PROXY STATEMENT PURSUANT TO SECTION 14(a)
OF THE SECURITIES EXCHANGE ACT OF 1934
(AMENDMENT NO. )

Filed by the Registrant [ ]
Filed by a Party other than the Registrant [x]
Bulldog Investors, LLC
Attn: Phillip Goldstein
250 Pehle Avenue, Suite 708
Saddle Brook, NJ 07663
Phone: 201 881-7100
Fax: 201 556-0097

Check the appropriate box:
Preliminary Proxy Statement
Confidential, for Use of the Commission Only (as permitted by
Rule 14a-6(e)(2))
Definitive Proxy Statement [x]
Definitive Additional Materials
Soliciting Material Pursuant to ss.240.14a-11(c) or ss.240.14a-
12

BDCA Venture, Inc.
(Name of Registrant as Specified in Its Charter)

Bulldog Investors, LLC
Name of Person(s) Filing Proxy Statement, if other than the
Registrant)

Payment of Filing Fee (Check the appropriate box):

No fee required [x].

Fee computed on table below per Exchange Act Rules 14a-6(i)(4)
and 0-11.

(1) Title of each class of securities to which transaction
applies:

(2) Aggregate number of securities to which transaction
applies:

(3) Per unit price or other underlying value of transaction
computed pursuant to Exchange Act Rule 0-11 (Set forth the
amount on which the filing fee is calculated and state how it
was determined):

(4) Proposed maximum aggregate value of transaction:

(5) Total fee paid:

Fee paid previously with preliminary materials [].

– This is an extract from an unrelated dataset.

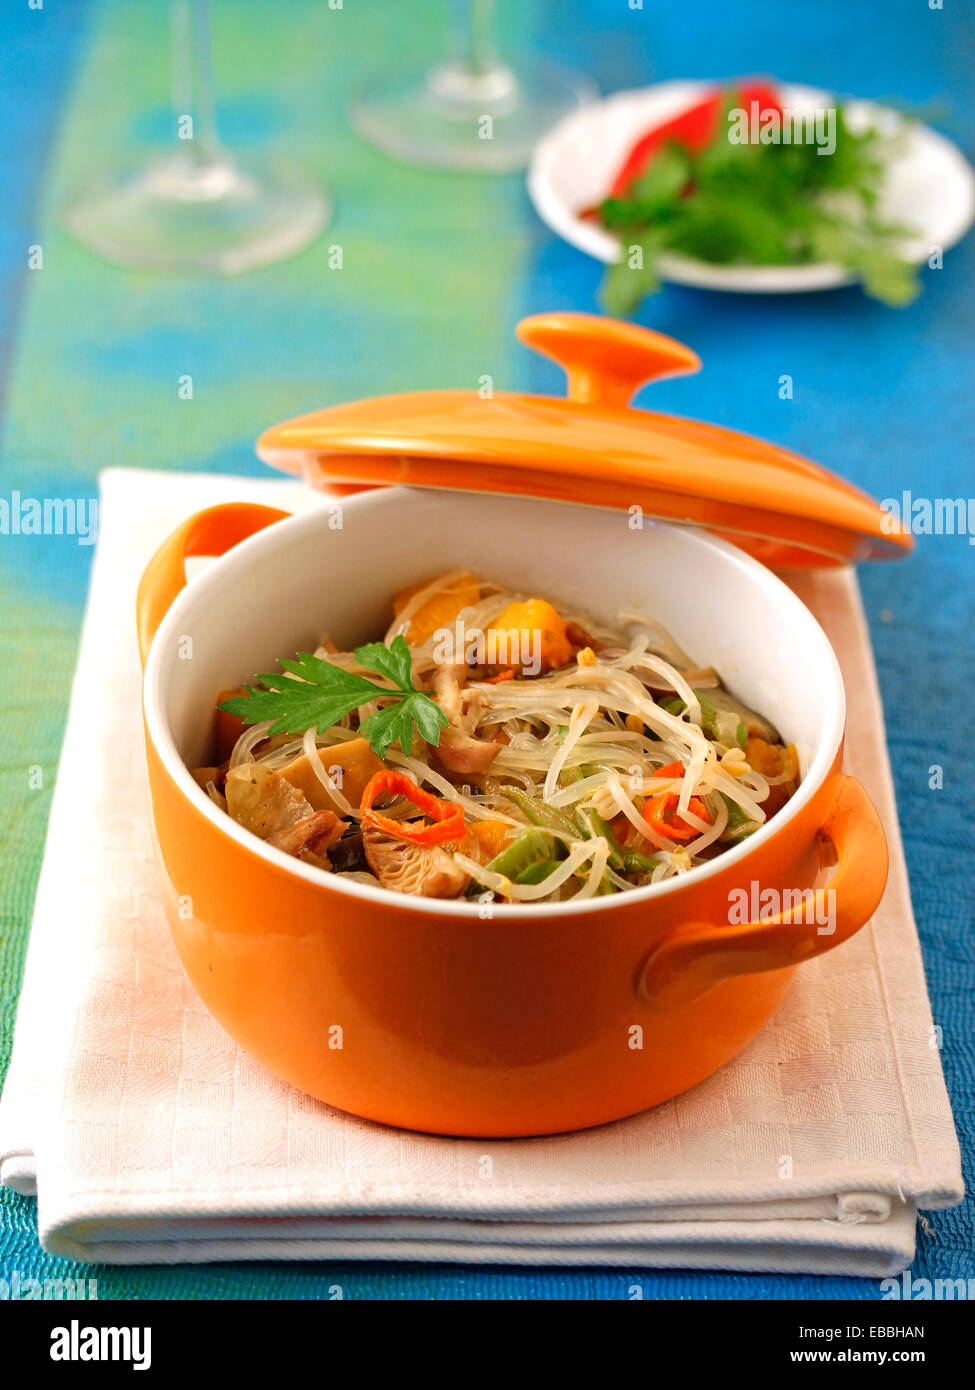 Rice noodles with vegetables. Recipe available. Stock Photo

Check box if any part of the fee is offset as provided by
Exchange Act Rule 0-11 (a) (2) and identify the filing for which
the offsetting fee was paid previously. Identify the previous
filing by registration statement number, or the Form or Schedule
and the date of its filing [].

(1) Amount Previously Paid:

(2) Form, Schedule or Registration Statement No.:

(3) Filing Party:

(4) Date Filed:


PROXY STATEMENT OF BULLDOG INVESTORS, LLC IN OPPOSITION TO THE SOLICITATION
BY THE BOARD OF DIRECTORS OF BDCA VENTURE, INC. FOR THE 2015 ANNUAL MEETING
OF SHAREHOLDERS

Bulldog Investors, LLC ("Bulldog Investors") is sending this proxy statement
and the enclosed GREEN proxy card to shareholders of BDCA Venture, Inc.
(the "Fund") of record as of May 13, 2015. We are soliciting a proxy to vote
your shares at the 2015 Annual Meeting of Shareholders (the "Meeting") which
is scheduled for July 9, 2015. Please refer to the Fund's proxy soliciting
material for additional information concerning the Meeting and the matters
to be considered by shareholders. This proxy statement and the enclosed
GREEN proxy card are first being sent to shareholders on or about
June 12, 2015.

INTRODUCTION

The Board of Directors has determined to present one matter to be voted upon
at the Meeting: the election of four directors. A stockholder affiliated
with us has notified management that it intends to nominate three directors
at the Meeting and to submit two proposals: (i) a non-binding proposal that
the Board consider adopting a plan to maximize shareholder value within a
reasonable period of time, and (2) a binding proposal to terminate the
Fund's investment advisory agreement with BDCA Adviser, LLC ("BDCA Adviser").
There is a dispute between the Fund's management and us as to whether we are
entitled to present our nominations and both proposals at the Meeting.We have
filed a lawsuit (available at http://www.bulldoginvestorsproxymaterials.com)
in Maryland state court for, among other things, a declaration that our
nominees and proposals may be presented at the Meeting. We are soliciting a
proxy to vote your shares FOR the election of our nominees as directors and
FOR the two stockholder proposals. We intend to deliver a proxy statement
and form of proxy to all holders of the Fund's voting shares. Unless we
prevail in our lawsuit, the green proxy card may only be counted toward a
quorum.

We are soliciting a proxy to vote your shares FOR the election of the
nominees named below and FOR the shareholder proposals.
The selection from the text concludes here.